We won some and we lost some this Election Day. Actually, we lost one and won everything else. It was, indeed, a very big day for marijuana reform across the country.
Two new states voted to legalize recreational marijuana: Oregon and Alaska. That brings the total number of states where pot is legal to four, including Washington and Colorado.
At the same time, voters in Washington, D.C. legalized pot by a wide margin. That vote could be in jeopardy, though, since Congress has the power to overturn local District laws.
There was one big defeat on Nov. 4: Florida rejected a medical marijuana amendment. Most Floridians supported the measure, but not the critical 60 percent needed to enact it.
The big wins of the day were in Oregon and Alaska. Oregon approved legalization with about 54 percent of the vote. Voters in Alaska opted for legalization with 52 percent of the vote. Both margins were wide enough to support the contention that cannabis reform is rapidly spreading across the country.
The New Laws
Oregon’s new law will allow residents and visitors over 21 to carry up to an ounce of weed in public. Oregonians can also keep up to eight ounces at home and grow up to four plants, making this the most liberal legalization policy passed to date.

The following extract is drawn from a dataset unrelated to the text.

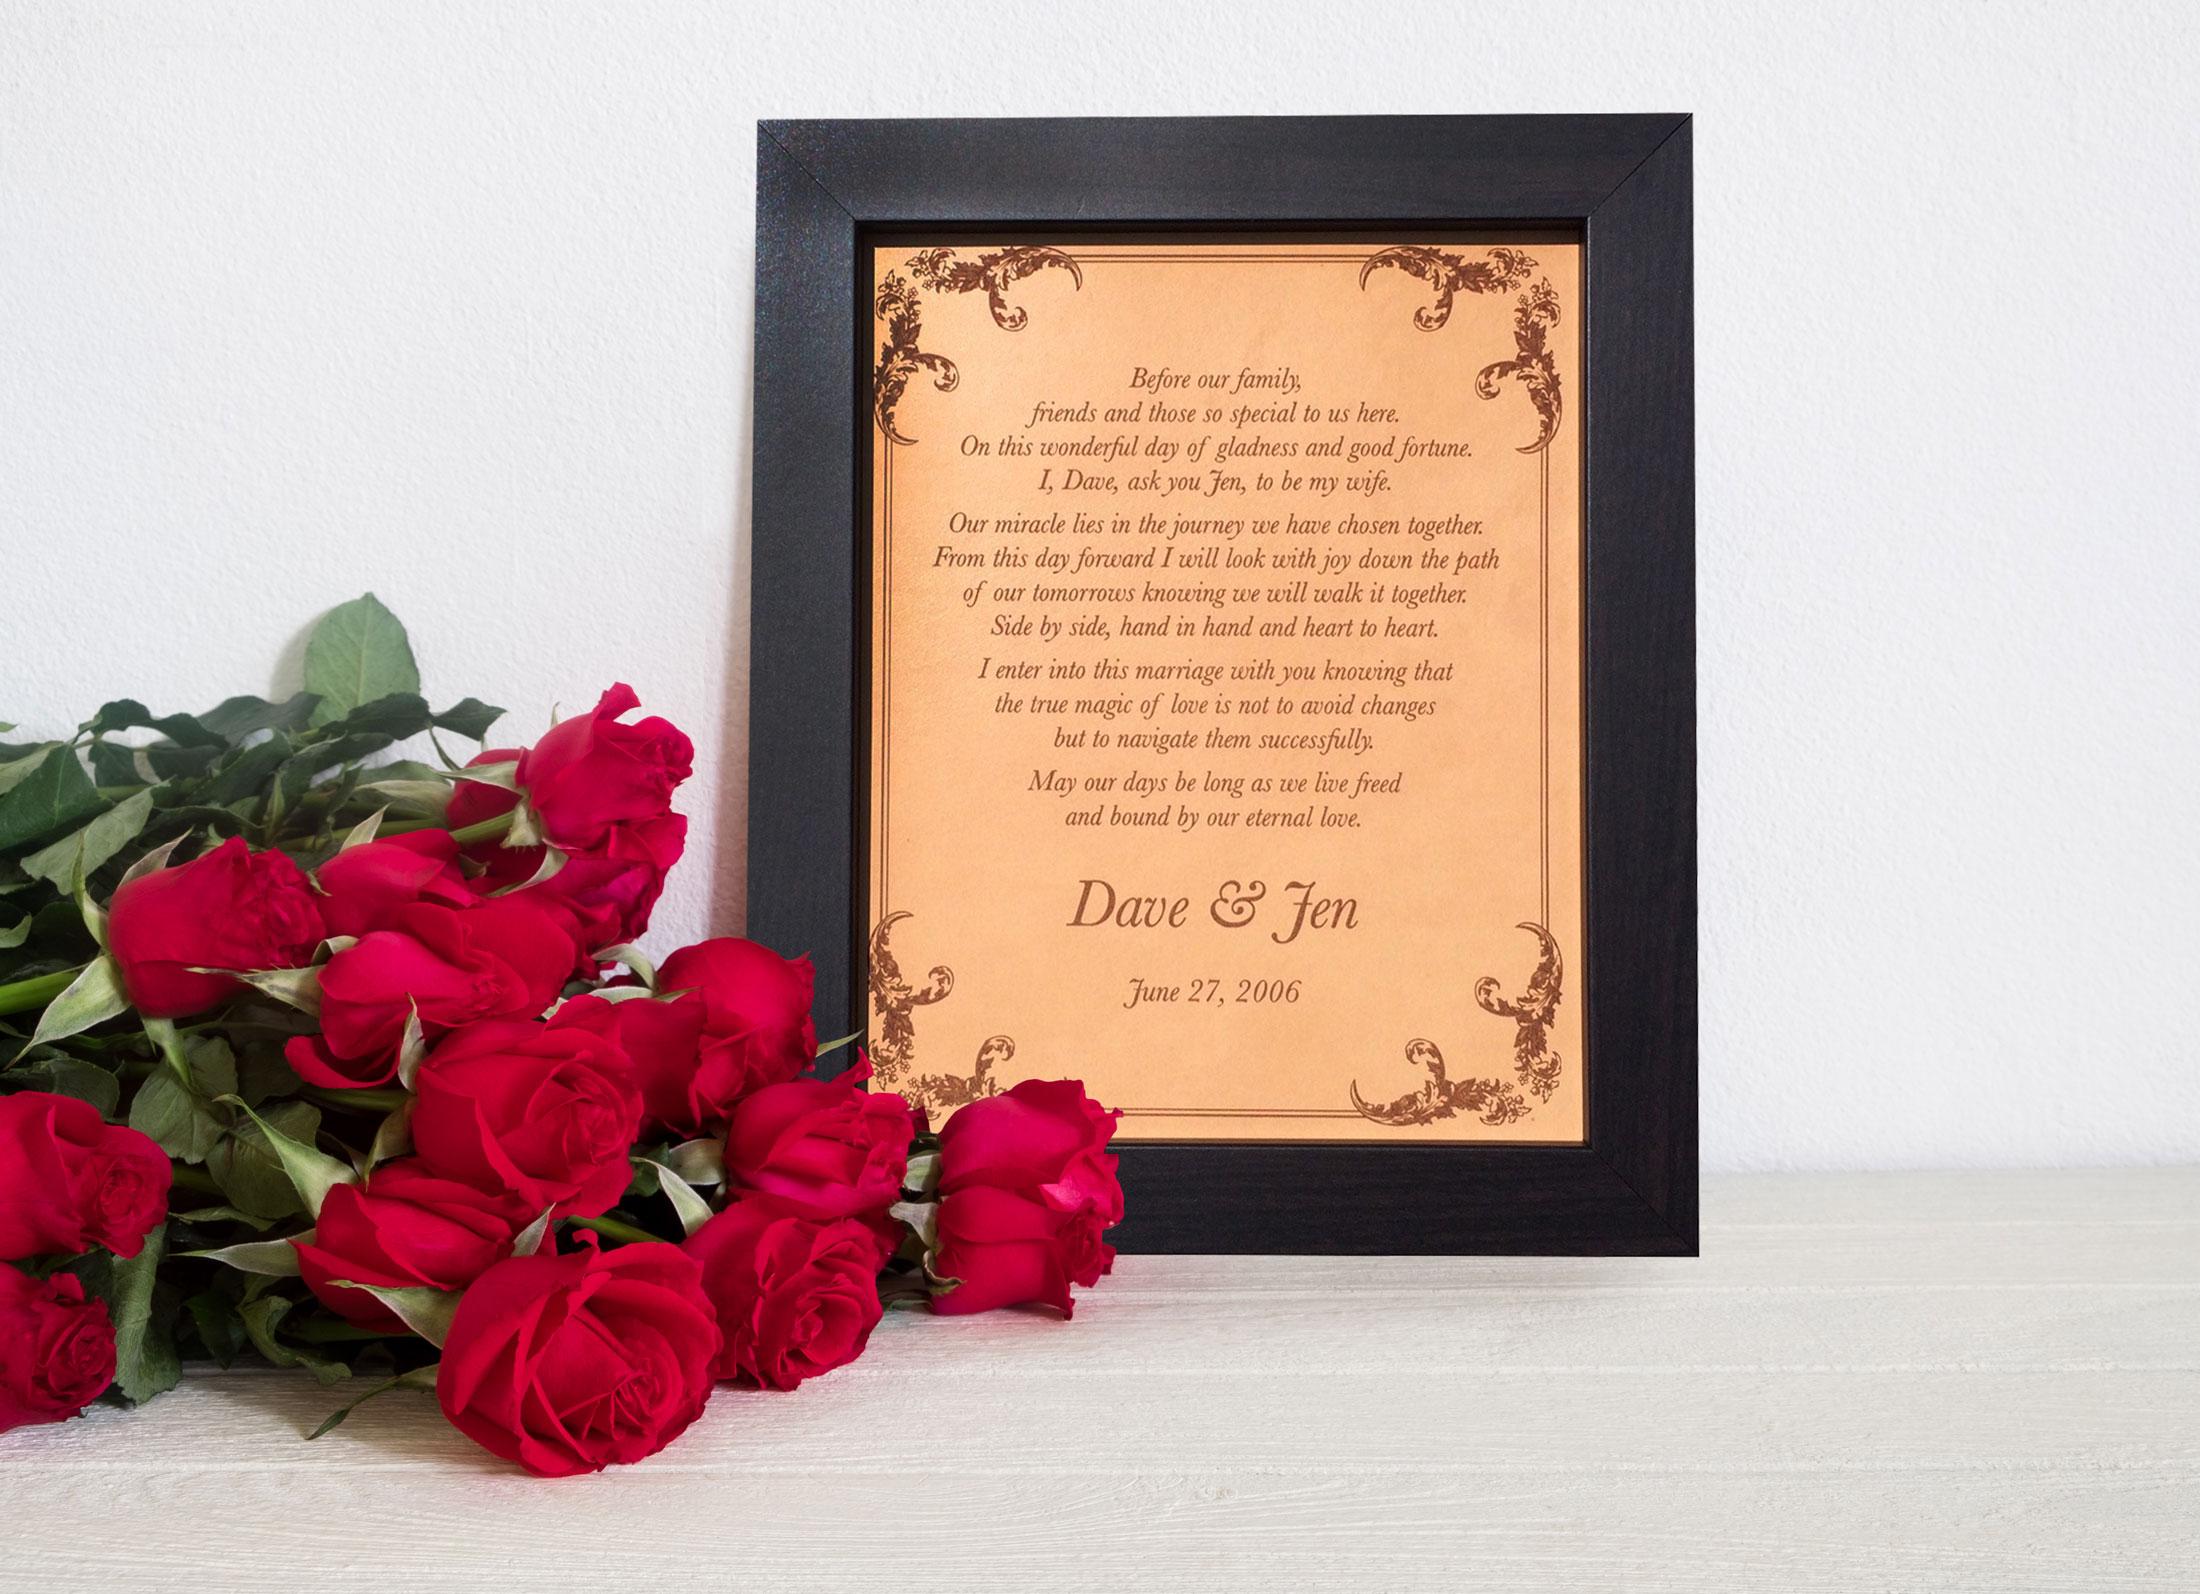 Romantic Wedding Vows.Wedding Vows Keepsake Leather Gift

In Alaska, residents and visitors over 21 will be able to possess up to an ounce and grow up to six plants at home. Residents were already able to possess up to four ounces at home under a state Supreme Court ruling from the 1970s, but now legal cultivators and sellers will supplant the underground market.
On the other side of the country, meanwhile, a whopping 70 percent of D.C. voters passed a marijuana legalization measure. The ordinance allows adults over 21 to possess up to two ounces and grow up to six plants on private property.
That policy could be overturned by Republicans in Congress now that they control both houses. Some House members have threatened to do so, including Rep. Andy Harris of Maryland, whose congressional district neighbors D.C.
It’s not clear whether that will happen. President Obama must sign any such legislation, and he could alienate Democrats in the District if he were to do so.
Florida Vote Fell Short
The one big loss of the day came in the Sunshine State, where 58 percent of voters backed medical weed. That wasn’t enough to make the proposal law, however. This marks a setback for the future of pot in the Deep South, but may not reflect any national trends.
Several communities in Michigan rejected legalization, but several others approved it. Michigan is now the centerpiece in the local fight to legalize marijuana one city at a time.
Overall, it was a landmark moment for weed. And it bodes extremely well for the future of reform across the country.
Several more states could vote for legalization in two years, including California, Arizona, Nevada, and Maine. Other targets for the near future include Rhode Island, Massachusetts, Delaware, Connecticut and New Mexico.
Presidential elections typically draw a much younger pool of voters than midterms. That means 2016 is likely to see a new wave of pro-legalization voters who will almost certainly propel a few states to victory.